In this paper we propose an efficient, non-iterative method for estimating non-parametric dense optical flow. We develop a probabilistic framework that is appropriate for describing the inherent uncertainty in the brightness constraint due to errors in image derivative computation. We separate the flow into two one-dimensional representations and pose the problem of flow estimation as one of solving for the most probable configuration of one-dimensional labels in an Markov Random Field (MRF) with linear clique potentials. The global optimum for this problem can be efficiently solved by using the maxflow computation in a graph. We develop this formulation and describe how the use of the probabilistic framework, the parametrisation and the MRF formulation together enables us to capture the desirable properties for flow estimation. We demonstrate the performance of our algorithm and compare our results with those of other algorithms described in the performance evaluation paper of Barron et. al..

Attributed Tree Homomorphism Using Association Graphs
Massimo Bartoli,  Marcello Pelillo,  Kaleem Siddiqi and Steven W. Zucker
University of Venezia, McGill University and Yale University

The matching of hierarchical relational structures is of significant interest in computer vision and pattern recognition. We have recently introduced a new solution to this problem, based on a maximal clique formulation in a (derived) association graph.'' This allows us to exploit the full arsenal of clique finding algorithms developed in the algorithms community. However, thus far we have focussed on one-to-one correspondences (isomorphisms), which appears to be too strict a requirement for many vision problems. In this paper we provide a generalization of the association graph framework to handle many-to-one correspondences. We define a notion of an $\epsilon$-homomorphism (a many-to-one mapping) between attributed trees, and provide a method of constructing an association graph where maximal cliques are in one-to-one correspondence with maximal subtree homomorphisms. We then solve the problem by using {\em replicator} dynamical systems from evolutionary game theory. An extension of the framework takes similarity between attribute vectors into account, and is shown to be equivalent to the maximum weight clique problem. We illustrate the approach by matching articulated and deformed shapes described by shock trees.
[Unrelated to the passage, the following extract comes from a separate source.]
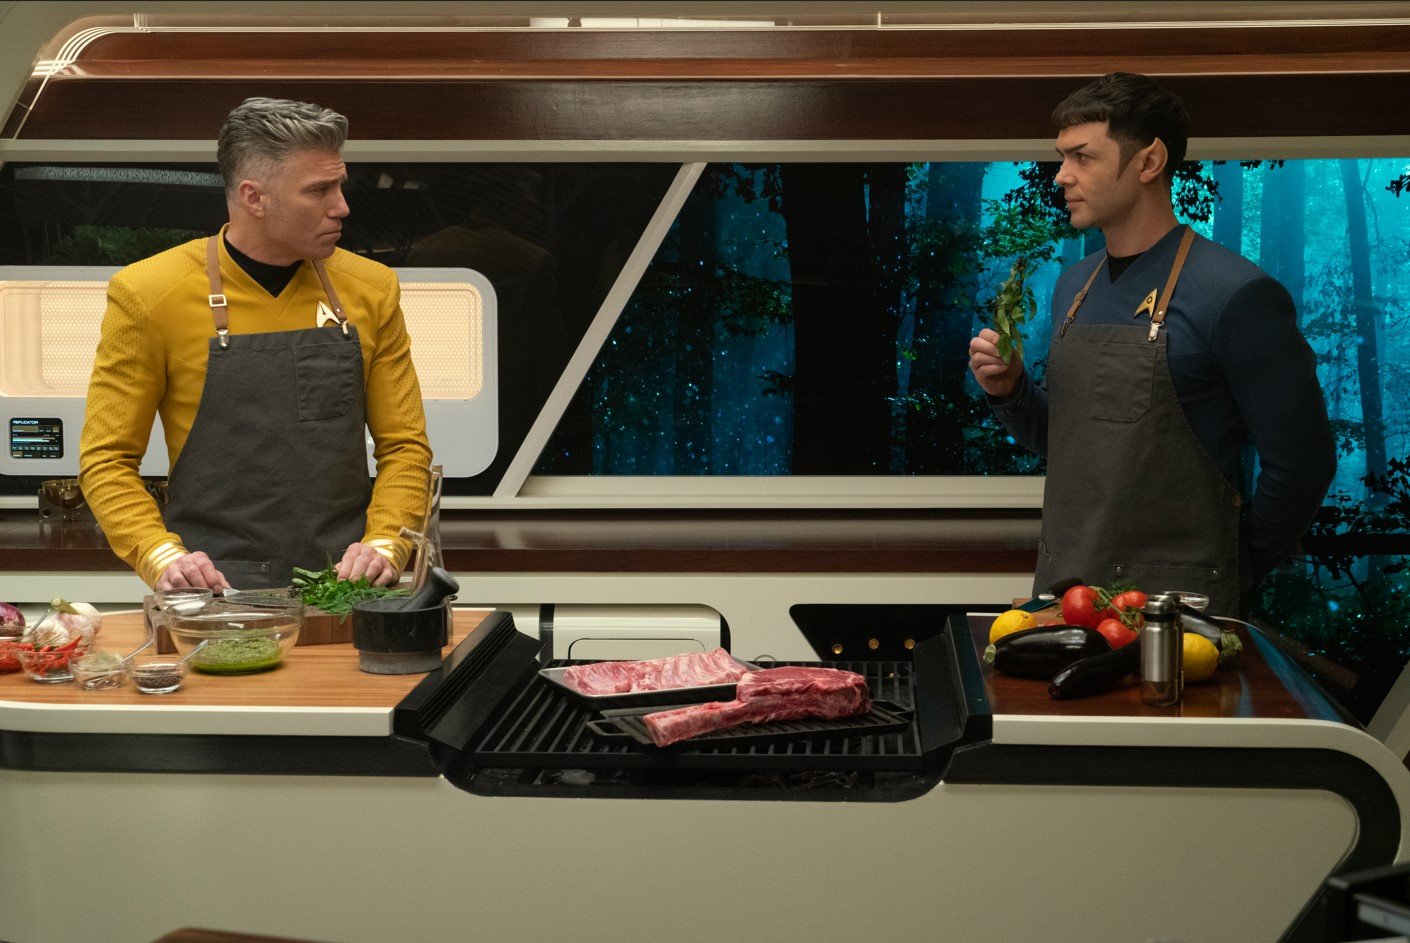   Anson Mount  as Capt. Pike and  Ethan Peck  as Spock. Photo Credit: Michael Gibson/Paramount+ 
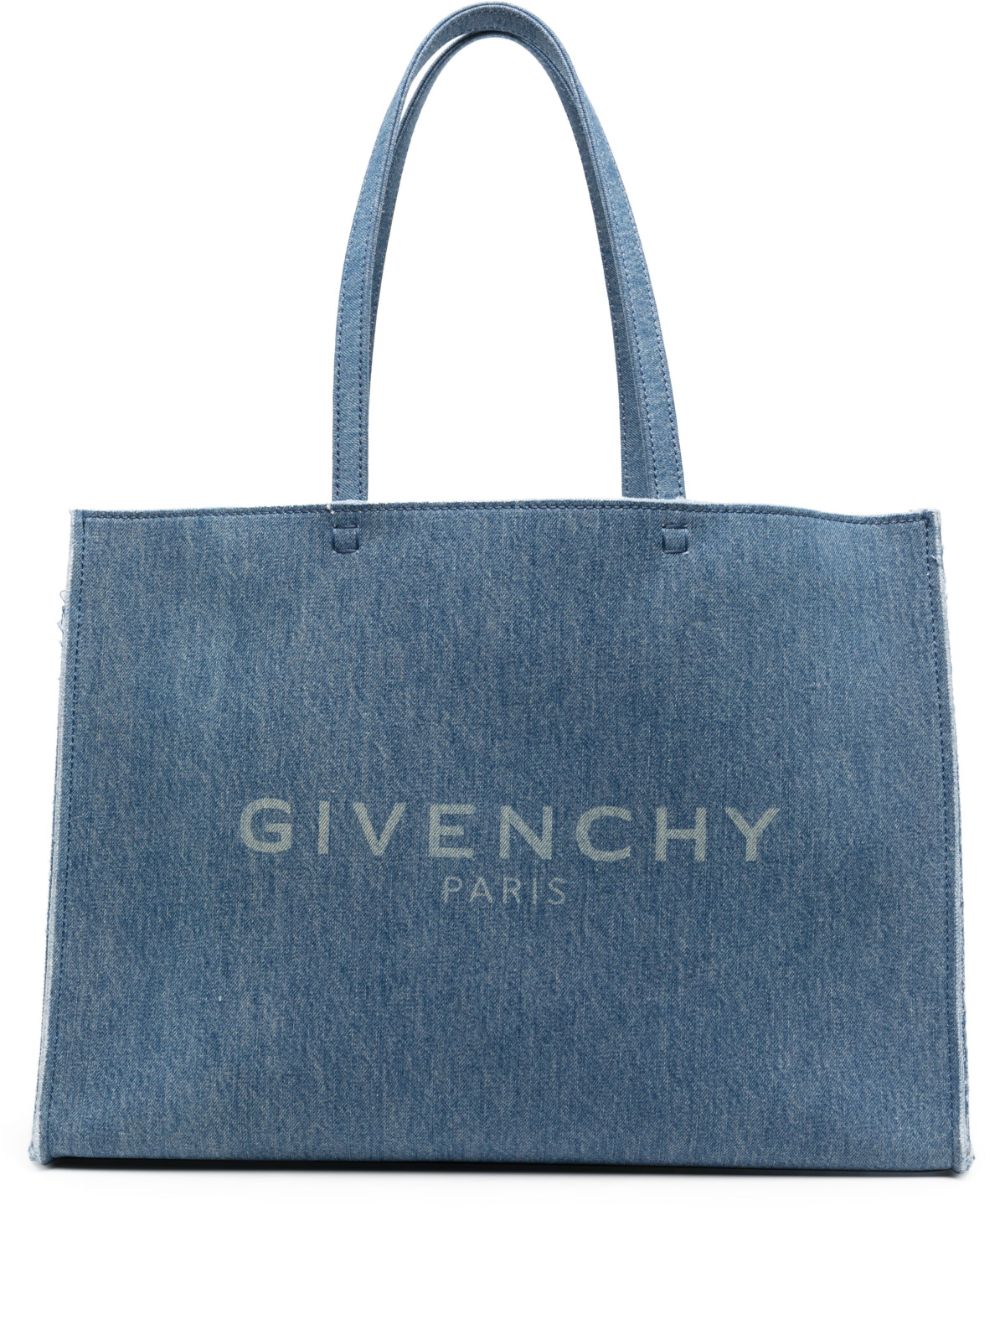 Givenchy Bags.. Blue

Recognizing Flexible Objects
Pedro Felzenszwalb and Daniel Huttenlocher
Cornell University

In this paper we present an approach to the problem of recognizing objects using generic, flexible, parts-based models. Our approach uses MAP estimation to find the globally optimal location of the model parts in an image. We identify an interesting class of models where the dependencies among the parts form a tree. The key result is that for such models the MAP estimate can be found efficiently using dynamic programming and a novel generalization of distance transforms. This distance transform method is useful in its own right, for a fairly broad range of minimization problems. We illustrate our approach using a generic model of a person, and show results of finding people in complex scenes under a broad range of lighting conditions and in varied poses. The method is quite practical, our implementation runs in just a few seconds on a desktop workstation.

Applications of Bipartite Matching to Problems in Object Recognition
Ali Shokoufandeh and Sven Dickinson
Drexel University and Rutgers University

The matching of hierarchical (e.g., multiscale or multilevel) image features is a common problem in object recognition. Such structures are often represented as trees or directed acyclic graphs, where nodes represent image feature abstractions and arcs represent spatial relations, mappings across resolution levels, component parts, etc. Such matching problems can be formulated as largest isomorphic subgraph  or largest isomorphic subtree problems, for which a wealth of literature exists in the graph algorithms community. However, the nature of the vision instantiation of this problem often precludes the direct application of these methods. Due to occlusion and noise, no significant isomorphisms may exists between two graphs or trees. In this paper, we review our application of a more general class of matching methods, called bipartite matching, to two problems in object recognition.